Zwischen Wahren und Wandel

Annika Reinhold zeigt in ihrer Masterarbeit das Potenzial von Architektur auf dem Land


Münster (29. Juni 2021). „Es gibt ländliche Räume, die veröden und sich unseres Blickes entziehen – und dies zu Unrecht.“ So fasste Annika Reinhold ihre Recherchen und persönlichen Beobachtungen zusammen, bevor sie sich in ihrer Masterarbeit mit dem „Transformationsraum Land“ befasst hat. In der Abschlussarbeit am Fachbereich Architektur der FH Münster, der Münster School of Architecture (MSA), entwickelte sie Ideen, wie ländliche Räume reaktiviert werden können. Dafür hat sie sich in Brandenburg die Gemeinde Höhenland im Landkreis Märkisch-Oderland genauer angeschaut.

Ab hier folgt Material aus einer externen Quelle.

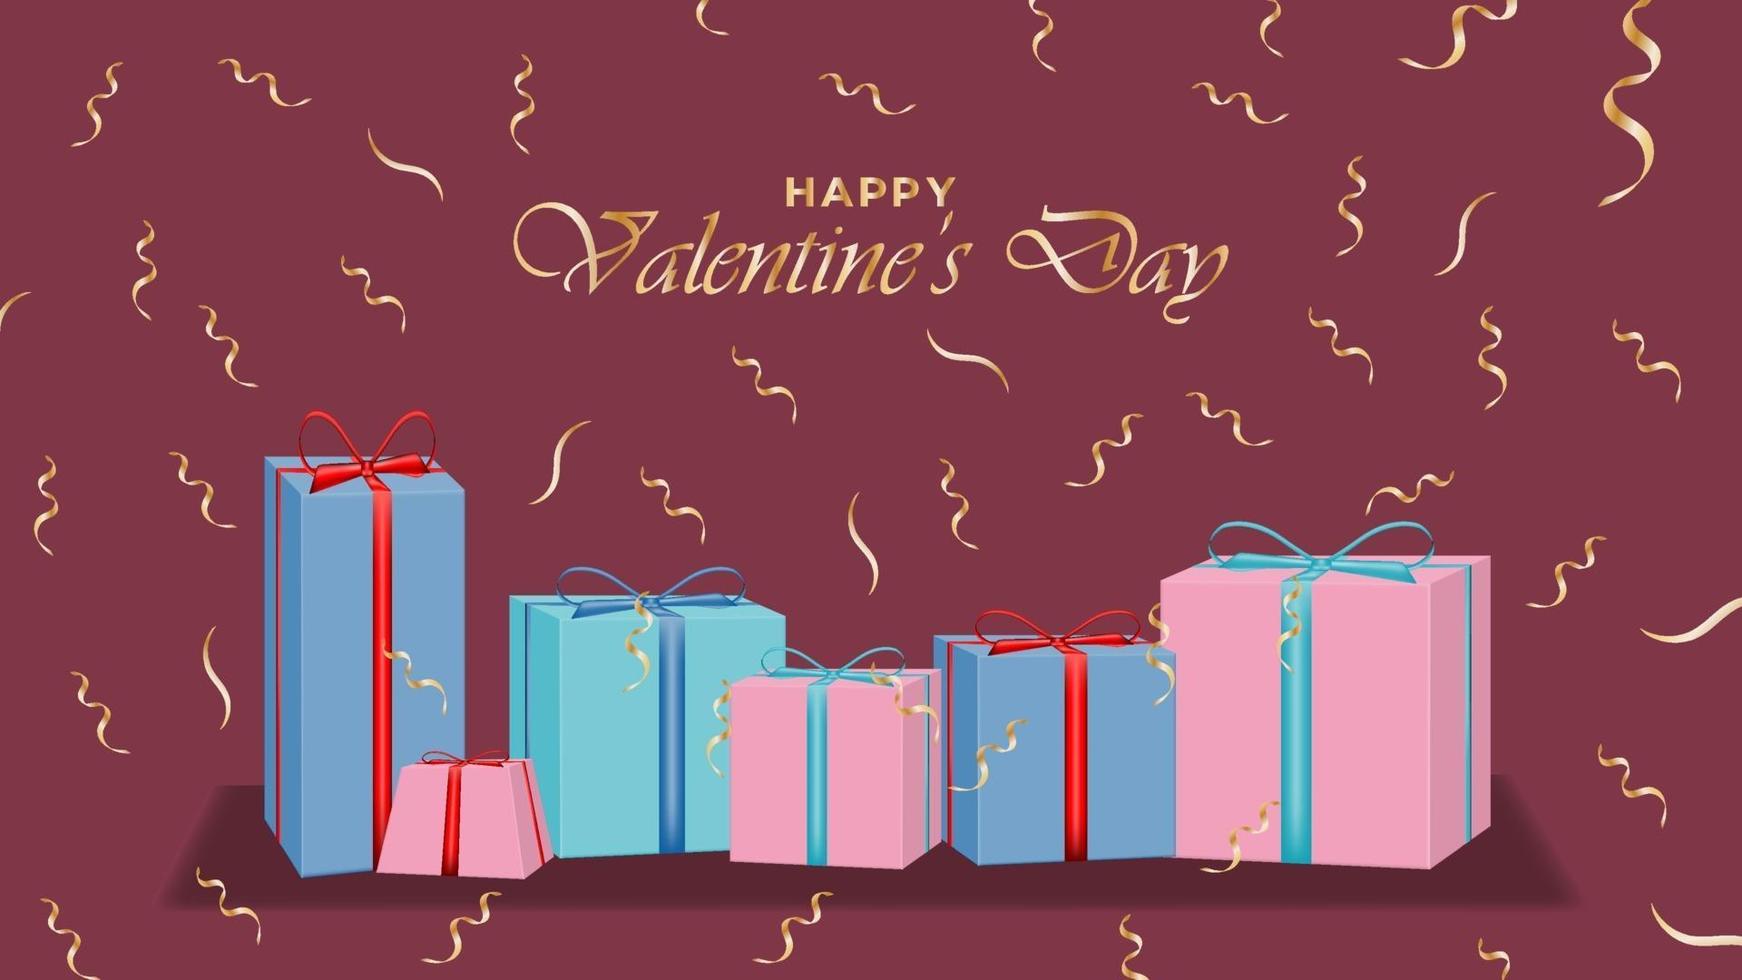 Happy valentine day background with realistic gift box design objects vector

In der fast 300 Seiten umfassenden Masterarbeit beschreibt sie aktuelle Entwicklungen auf dem Land und das Verhältnis von gebauten und gewachsenen Strukturen. „In vielen ländlichen Gemeinden wächst die Zahl an leerstehenden Gebäuden“, beschreibt Reinhold die Situation. „Darin schlummert aber oft eine große Chance: Neben dem Vorteil des ressourcenschonenden Bauens bieten sich hier identitätsstiftende Anker, an denen die Geschichte des Ortes weitergeschrieben werden kann. Diese wandelt sich, so wie sich die Identität ländlicher Räume ganz allgemein wandelt. Sie bewegen sich zwischen Tradition und Fortschritt, zwischen den Phänomenen der Landflucht und Landlust und sind Orte gesellschaftlich relevanter Entwicklungen und Problemstellungen.“ Die Absolventin wünscht sich, dass Architekt*innen ihr Potenzial besser nutzen, um dazu beizutragen, dass Landgemeinden wieder wachsen, junge Menschen bleiben und die infrastrukturelle Versorgung besser wird. Da auch das Interesse von Städter*innen für das Ländliche, der Wunsch nach Ruhe, Naturnähe und bezahlbarem Wohnraum groß ist, sollten sich Architekt*innen auch in die Pflicht nehmen lassen, dass sich die Neuhinzugezogenen mit ihrem Ort identifizieren können.

Wie dies gelingen kann, zeigt sie in ihrem praktischen Teil der Masterthesis mit dem Entwurf für den Umbau der Hofanlange Wölsickendorf. Darin gibt sie beispielhaft eine Antwort auf die Frage, wie Architektur dazu beitragen kann, Bewahrenswertes zu erhalten und Identitätsstiftendes zu entwickeln. Ginge es nach ihr, so würde der Gutshof aus Ställen, Herrenhaus, Brennerei, Schuppen und Park so aussehen, dass dort Wohnen, Lernen, Arbeiten und Freizeit auf experimentelle Weise miteinander verknüpft werden. Der Hof würde in eine neue Nutzung überführt, eine Art „Kompetenzzentrum für kreislaufbasiertes Wirtschaften mit dem Schwerpunkt Lebensmittelproduktion, -verarbeitung und -verköstigung“, so Reinhold. Durch die Mischung von Seminar-, Werk- und Veranstaltungsräumen, Gemeinschaftsgärten und unterschiedlichen Wohnungstypen sollen unterschiedliche Menschen angesprochen werden, sodass eine neue Hofgemeinschaft mit dem Dorf zusammenwachsen kann.“ Gefragt seien hier, so die 28-Jährige, Kreativität, Eigeninitiative und Verantwortung.

Für die Masterarbeit ist Reinhold, die im Büro heimspiel Architekten in Münster arbeitet, mit dem Hochschulpreis der FH Münster ausgezeichnet worden.

Zum Thema:
Gerade einmal ein Prozent aller Absolventinnen und Absolventen eines Jahrgangs erhält ihn: den Hochschulpreis. Jedes Jahr kürt das Präsidium gemeinsam mit der Gesellschaft der Freunde der FH Münster e. V. (gdf) auf Vorschlag der Fachbereiche die besten Abschlussarbeiten. Zu den Preisträgerinnen und Preisträgern des Hochschulpreises 2021 für die besten Arbeiten aus dem Jahr 2020 gehört auch Annika Reinhold von der MSA. Erstprüferin war Prof. Kirsten Schemel. Eine vollständige Übersicht aller gewürdigten Absolventinnen und Absolventen ist im Jahresbericht 2020 ab Seite 54 abrufbar: fhms.eu/jahresbericht-20.